Dehydrated Culture Media



Code: CM0353

The Nordic Pharmacopoeia Board have recommended this medium, containing neutralising compounds and supplementary minerals, for sterility testing.

Typical Formula*




Yeast extract


Soya peptone




Sodium chloride


Dipotassium hydrogen phosphate


Sodium citrate






Sodium dithionite


Sodium thioglycollate




Magnesium sulphate .7H2O


Calcium chloride .2H2O


Cobalt sulphate .7H2O


Cupric sulphate .5H2O


Ferrous sulphate .7H2O


Zinc sulphate .7H2O


Manganese chloride .4H2O






pH 7.1 ± 0.2 @ 25°C

* Adjusted as required to meet performance standards

Suspend 40g in a solution composed of Tween 80 (polyethylene sorbitan mono-oleate) 3g: glycerol 5g and distilled water 1 litre. Bring to the boil to dissolve completely.
Distribute into tubes or bottles and sterilise by autoclaving at 121°C for 15 minutes.

Dithionite-thioglycollate (HS-T) Broth was developed by Clausen in Oslo University and has been recommended for sterility testing by the Nordic Pharmacopoeia Board. The problems of sterility testing by selecting random samples is recognised by the Board and they refer to the process as the Microbial-Contamination Test. The standard microbial- contamination test is designed solely to establish that the number of non-sterile units, if any, in a batch is below a certain level.

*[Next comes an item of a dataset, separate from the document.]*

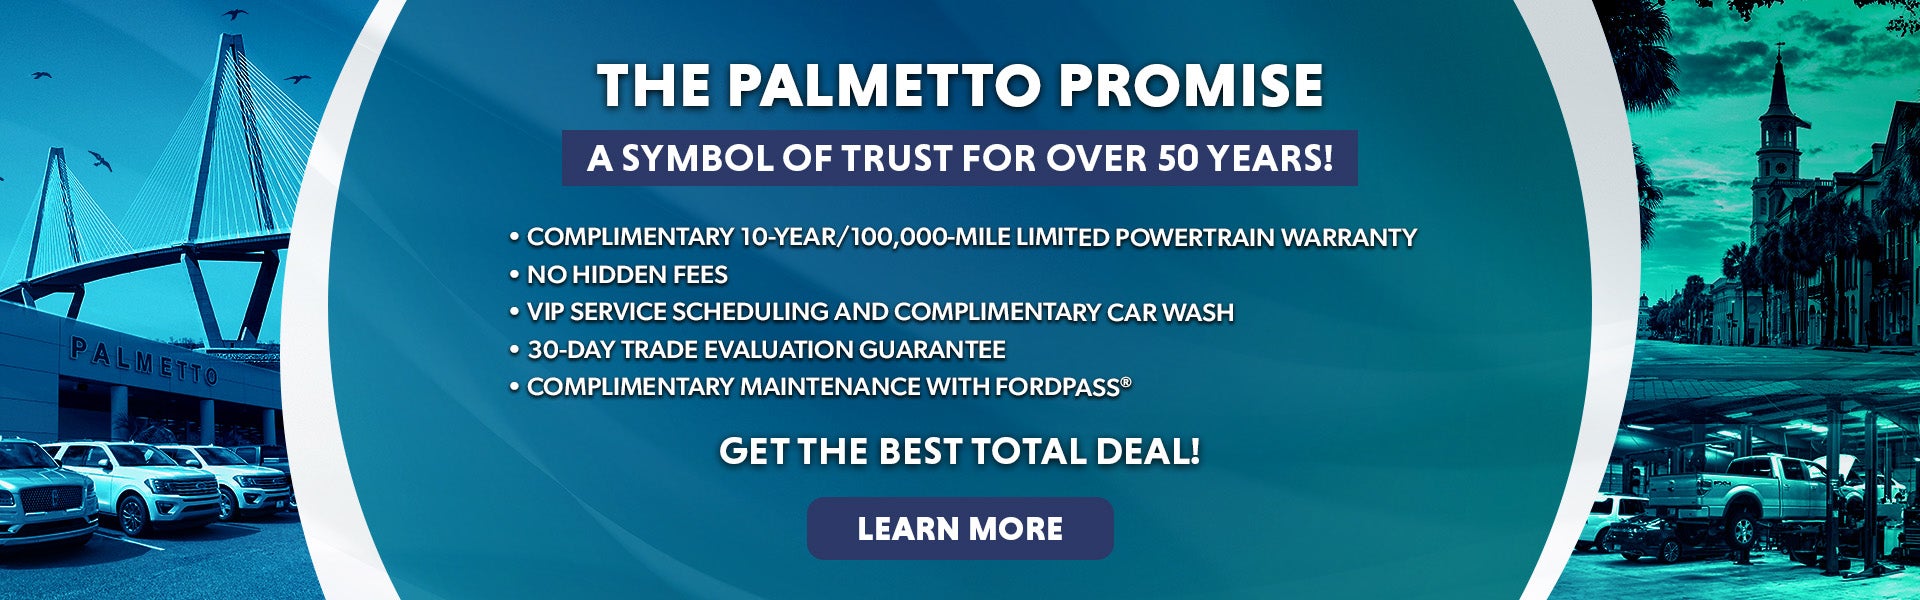 Learn More About The Palmetto Promise

The following description of the Standard Microbial-Contamination Test has been abridged from the detailed description published as an addendum in the Nordiska Farmakopenämnden.

The tests must be performed with all precautions taken to prevent laboratory contamination occurring more than once in every 100 tests. The use of laminar air-flow cabinets is recommended. Tests are to be made by qualified and experienced staff and the efficiency of the methods used must be checked at regular intervals.

A random sample of sufficient quantity to be representative of the whole bulk, should be examined.

Two methods of detecting non-sterile units may be used in the microbial-contamination test.

Membrane Filter Method
The test substance is dissolved or suspended in 200ml of 0.1% w/v sterile (pH 7.0-7.2) Peptone water CM0009 and immediately filtered through one or more membrane filters (average pore diameter 0.45µm or less).

Each filter is then washed three times, by passing 100ml volumes of peptone solution through the membrane.

After filtration the membranes are transferred to tubes of media, containing at least 15ml of Clausen Medium and tubes of Tryptone Soya Broth (soybean-casein digest medium) CM0129. If only one filter is used, this is divided into two and the two halves placed in separate tubes.
Tubes of Clausen Medium are incubated for at least 14 days at 30-32°C.

Tubes of Tryptone Soya Broth (soybean-casein digest medium) are incubated for at least 14 days at 20-25°C.

Dilution Method
From each sample 1.0ml of material or suspension is transferred to each of at least 10 tubes containing a minimum quantity of 15ml of Clausen Medium.

One half of the number of tubes is incubated at 30-32°C for at least 14 days and the other half at 20-25°C for the same time.

If the medium becomes turbid on incubation, subcultures must be taken as soon as possible. Subcultures must also be taken after normal incubation and observed for a further period of 14 days.

Assessment Of The Results
The standard microbial contamination test is passed if growth is not observed in any of the tubes. If growth is observed, the test may be repeated with twice the number of samples. The test is then passed if no growth is observed in any of these tubes. Growth is diagnosed by the appearance of turbidity in fluid or semi-fluid media, by the formation of colonies on solid media, or by microscopy of culture samples.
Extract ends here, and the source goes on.